== Segment start ==

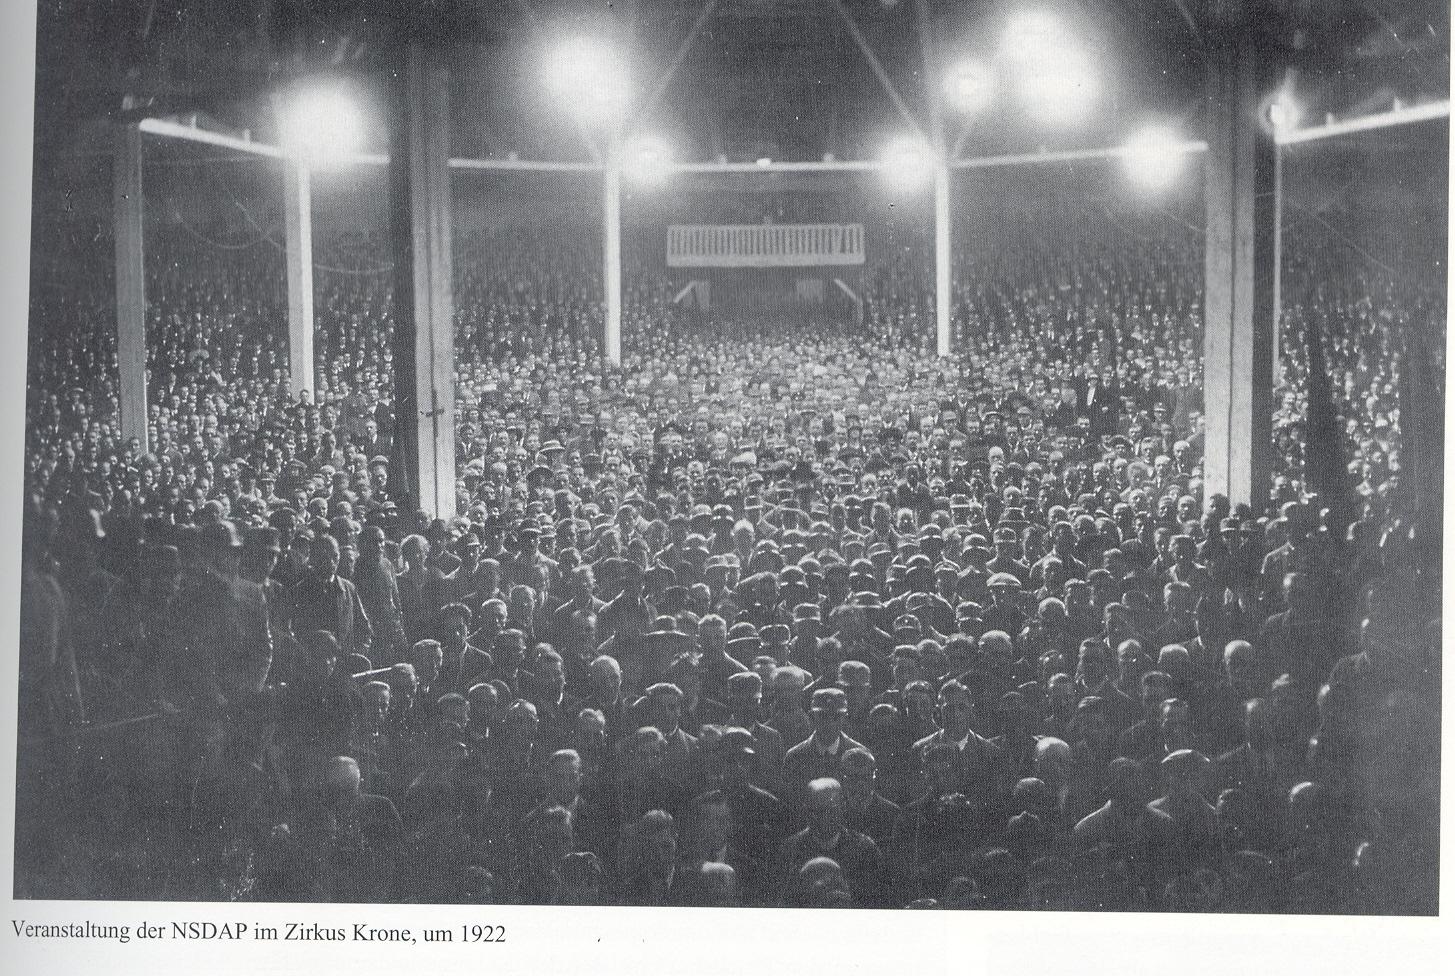 Veranstaltung der NSDAP im Zirkus Krone um 1922
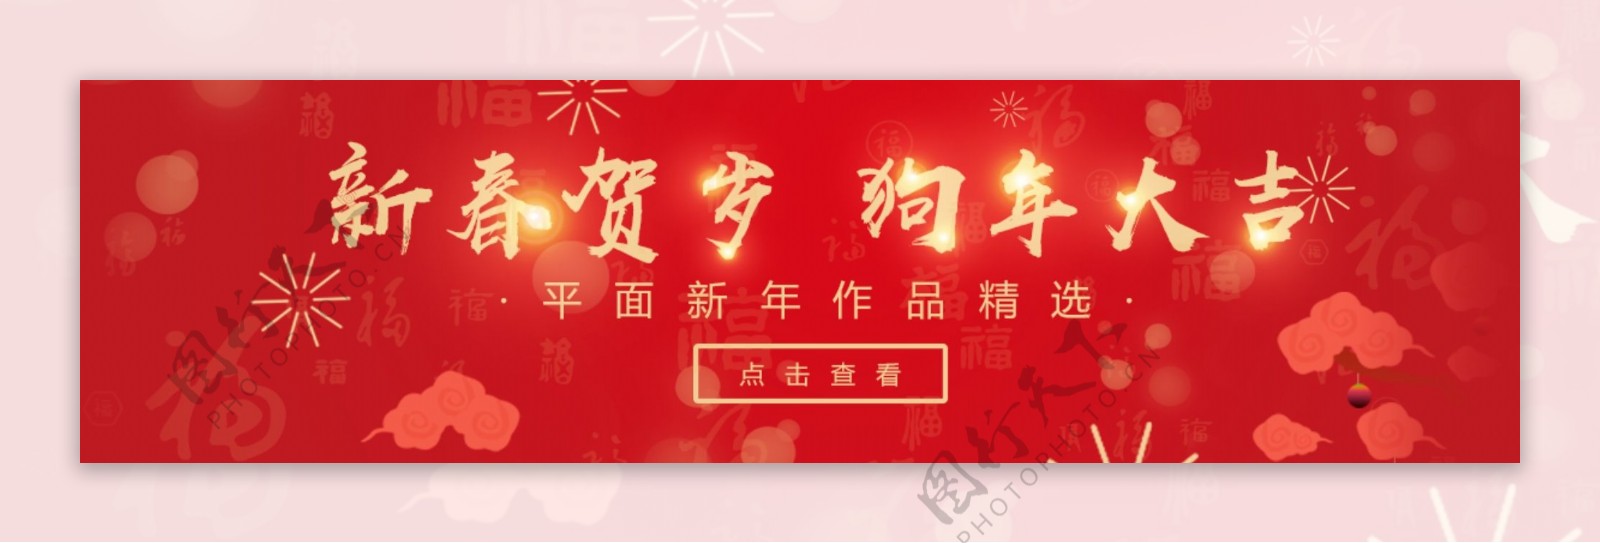 中国风红色喜庆背景新年贺岁狗年大吉海报
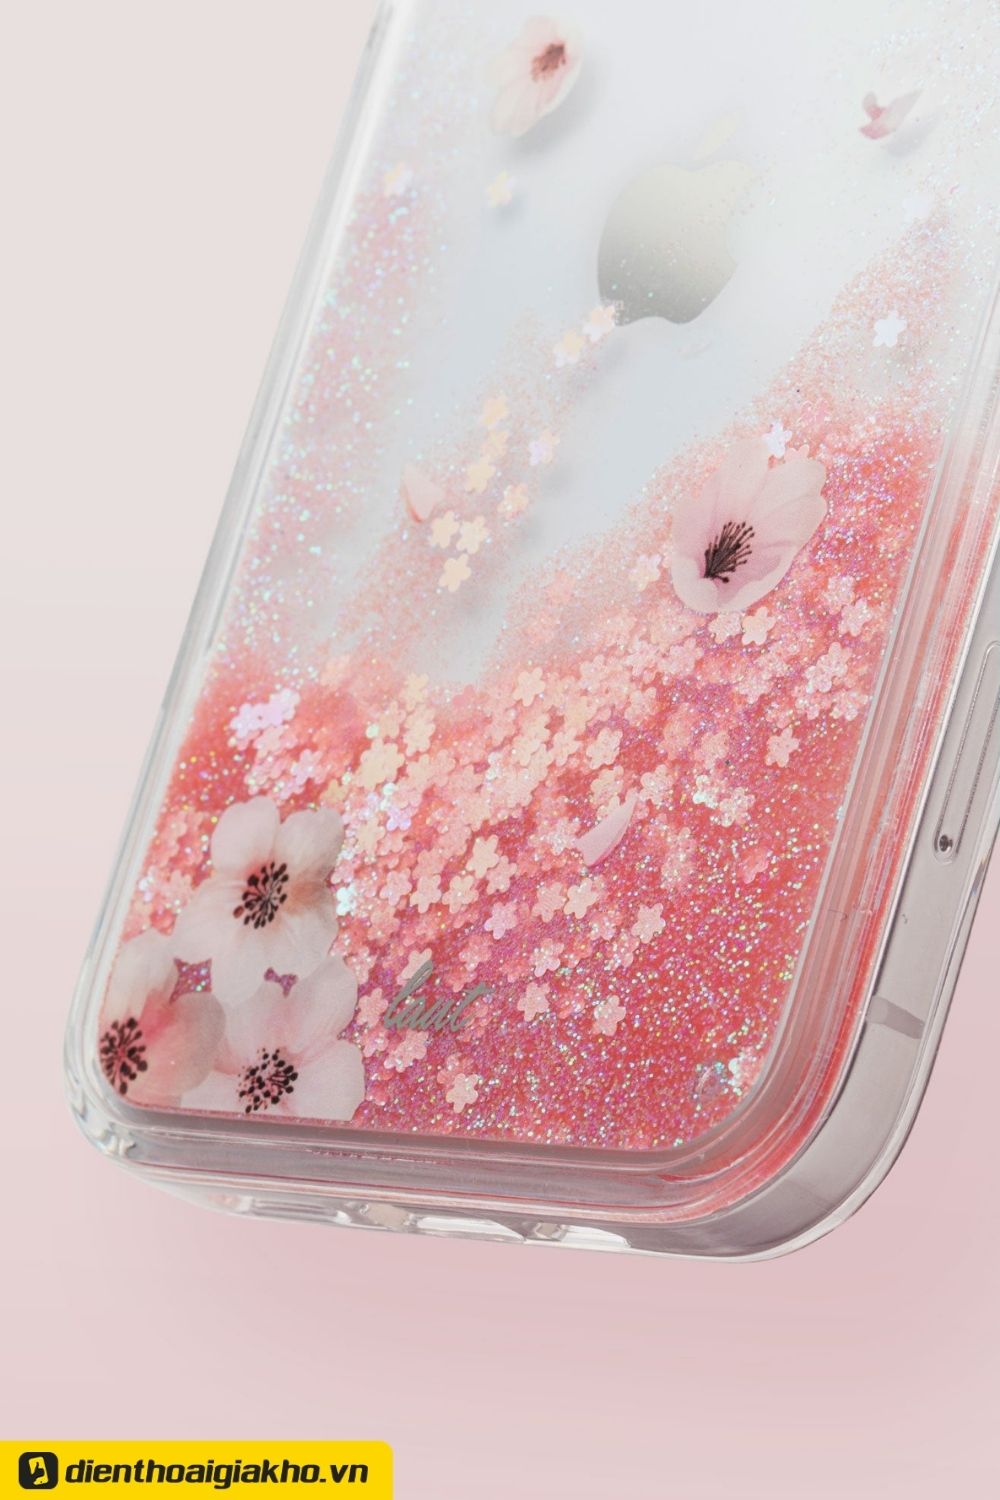 Vỏ trong suốt như pha lê của phụ kiện điện thoại ốp lưng LAUT iPhone 12/12 Pro Liquid Glitter Sakura. Làm tăng thêm tính thẩm mỹ, sang trọng cho chiếc iPhone của người dùng hơn bao giờ hết.
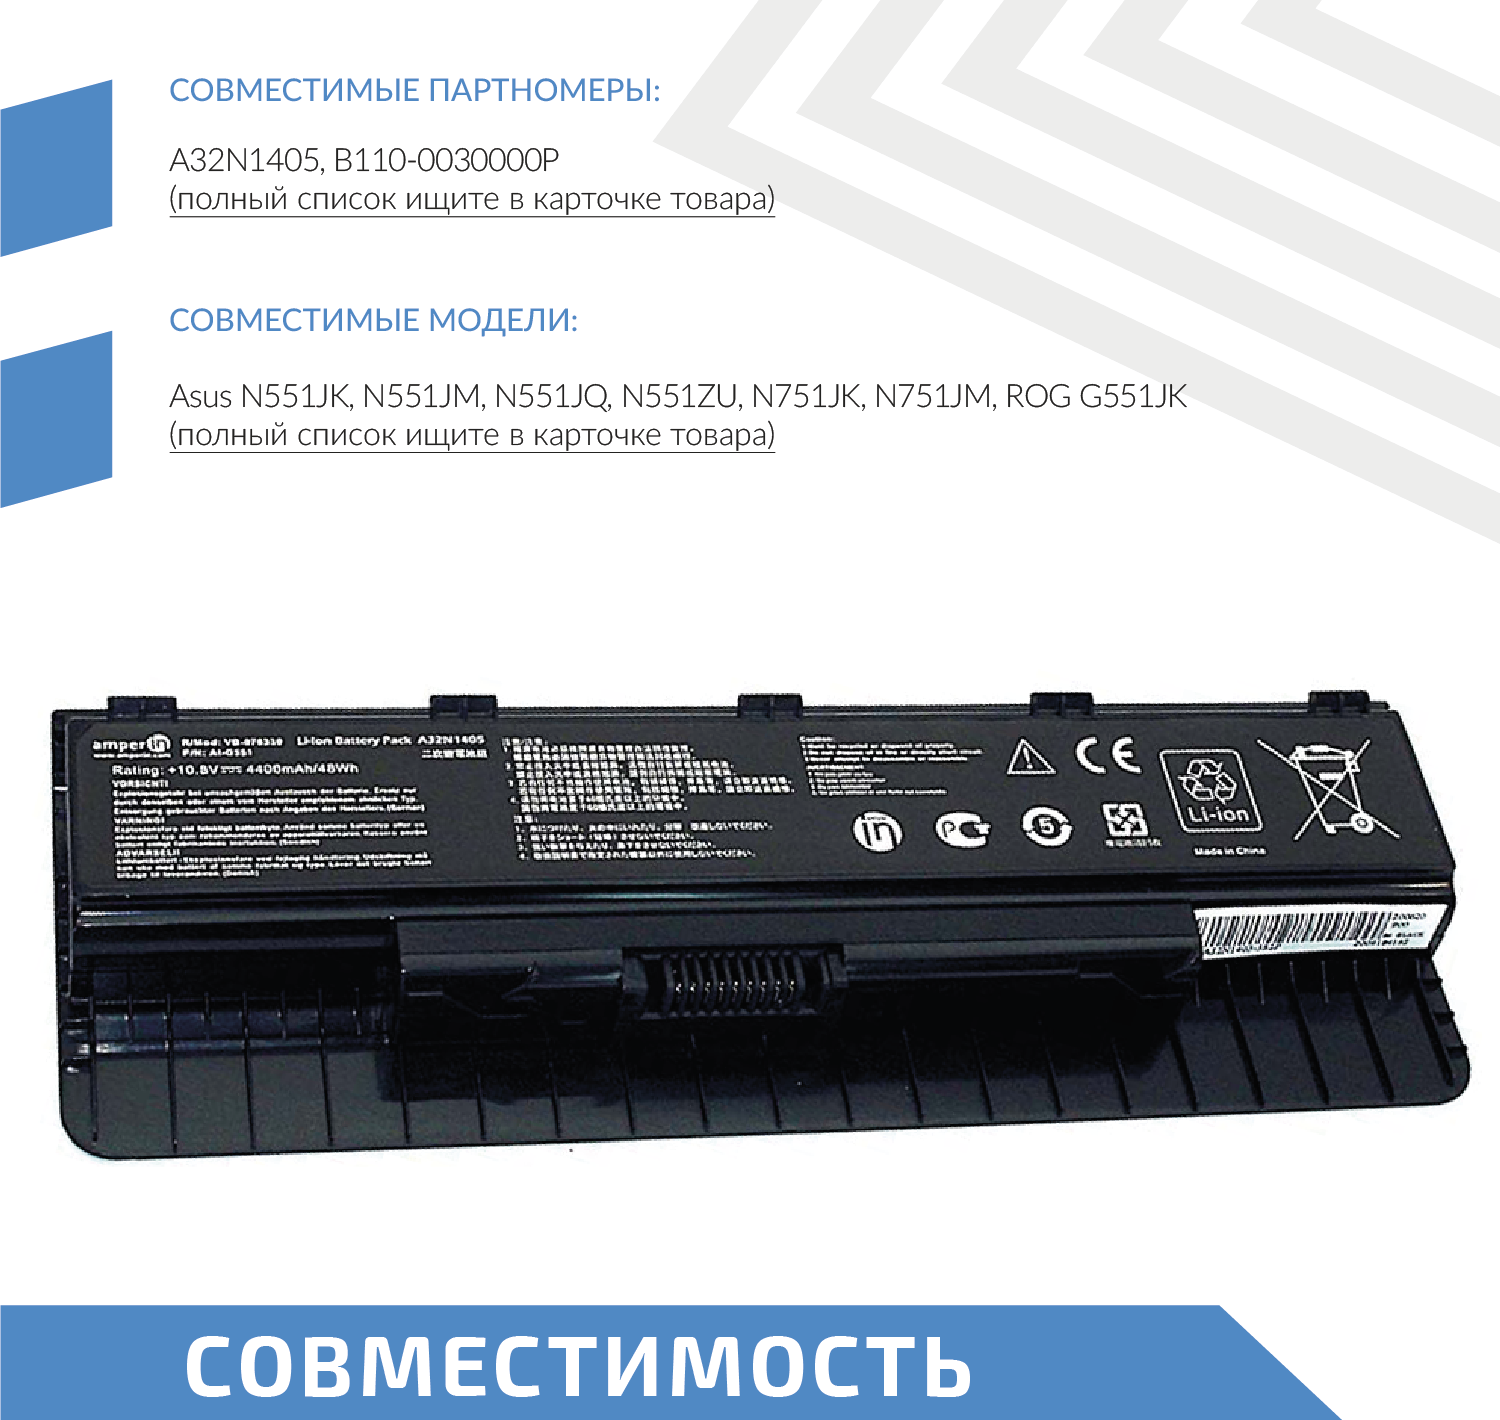 Аккумулятор (АКБ аккумуляторная батарея) Amperin AI-G551 для ноутбука Asus G551 (A32N1405) 108В 4400мАч

== Segment end ==

● **Your instructions**: Copy the data word for word. Pictures do not go in the copy.

● **Answer box**:
 Veranstaltung der NSDAP im Zirkus Krone um 1922
 中国风红色喜庆背景新年贺岁狗年大吉海报
 Vỏ trong suốt như pha lê của phụ kiện điện thoại ốp lưng LAUT iPhone 12/12 Pro Liquid Glitter Sakura. Làm tăng thêm tính thẩm mỹ, sang trọng cho chiếc iPhone của người dùng hơn bao giờ hết.
 Аккумулятор (АКБ аккумуляторная батарея) Amperin AI-G551 для ноутбука Asus G551 (A32N1405) 108В 4400мАч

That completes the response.